In a concert entitled "The Last Resistance" Thursday evening, pianist Steven Spooner played pieces composed by Mohammed Fairouz that were influenced by issues involving the Middle East, including American sentiments toward the region preceding and following the 9/11 attacks.

The performance was a "concert lecture," said Michael Steinberg, professor of history and music and director of the Cogut Center for the Humanities, in his opening remarks. To that effect, Fairouz introduced and explained each piece to the audience.

"I think that there's certainly a message to think critically about the Middle East — to think analytically about this extremely complicated region and set of political challenges," Steinberg said.

The concert included two of Fairouz's sonatas, "Reflections on Exile" and "The Last Resistance," works inspired by the literature of Palestinian-American literary theorist Edward Said and English author Jacqueline Rose, respectively. Rose has written about the Middle East for the last 15 years, Steinberg said.

Throughout the performance, the audience — which filled a little more than half the auditorium — was utterly silent and met the finale with a standing ovation.
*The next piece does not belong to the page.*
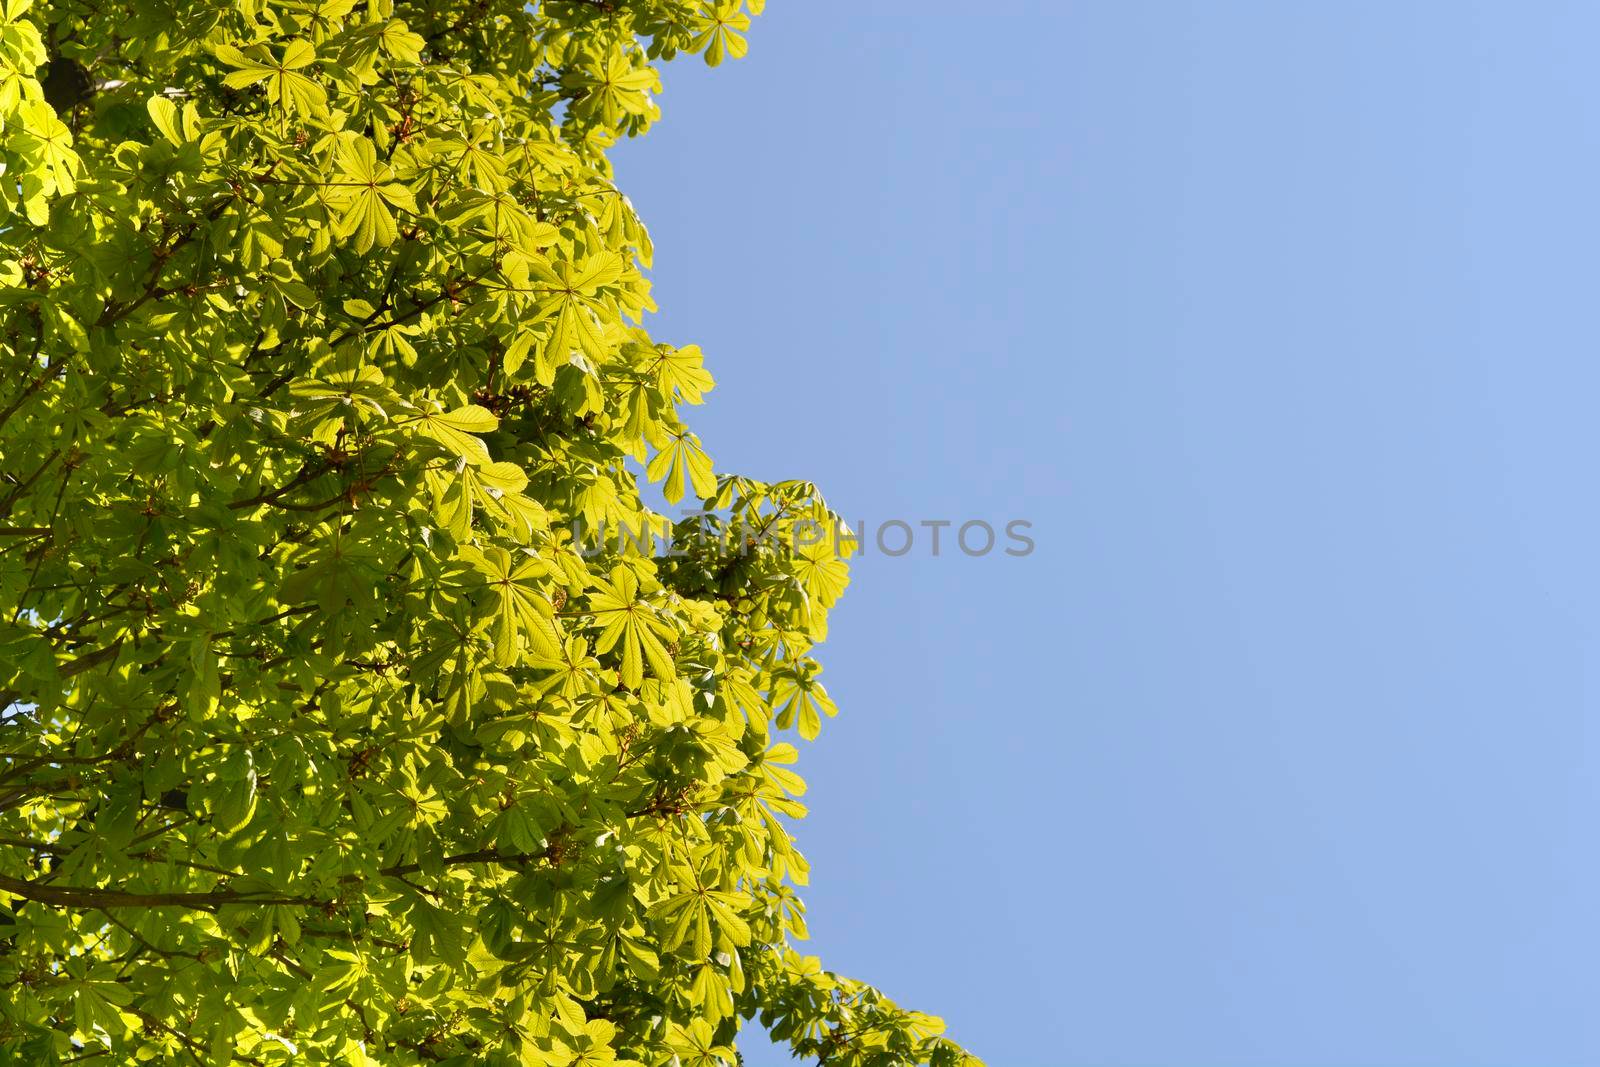 Common horse chestnut branches with leaves against blue sky - Latin name - Aesculus hippocastanum

"I enjoyed how it was contemporary, but accessible," said Will Palmer '15.

The concert — which took place in the Martinos Auditorium of the Perry and Marty Granoff Center for Creative Arts — was the second installment of the Cogut Center's Critical Dialogues in Arts and Humanities. The three-part program was designed to emphasize "the meeting grounds between the humanities and the arts" and foster "dialogues between people who are doing different things," Steinberg said. 

The program also included a lecture by Rose Wednesday and a conversation between Rose and Fairouz the day after the concert, which Steinberg moderated. 

The recent redesign of Pembroke Hall and construction of the Granoff Center have created a "premium space in which to develop new programs for performance and exhibition related work," Steinberg said. "The critical dialogues are an initiative that I hope will move forwards."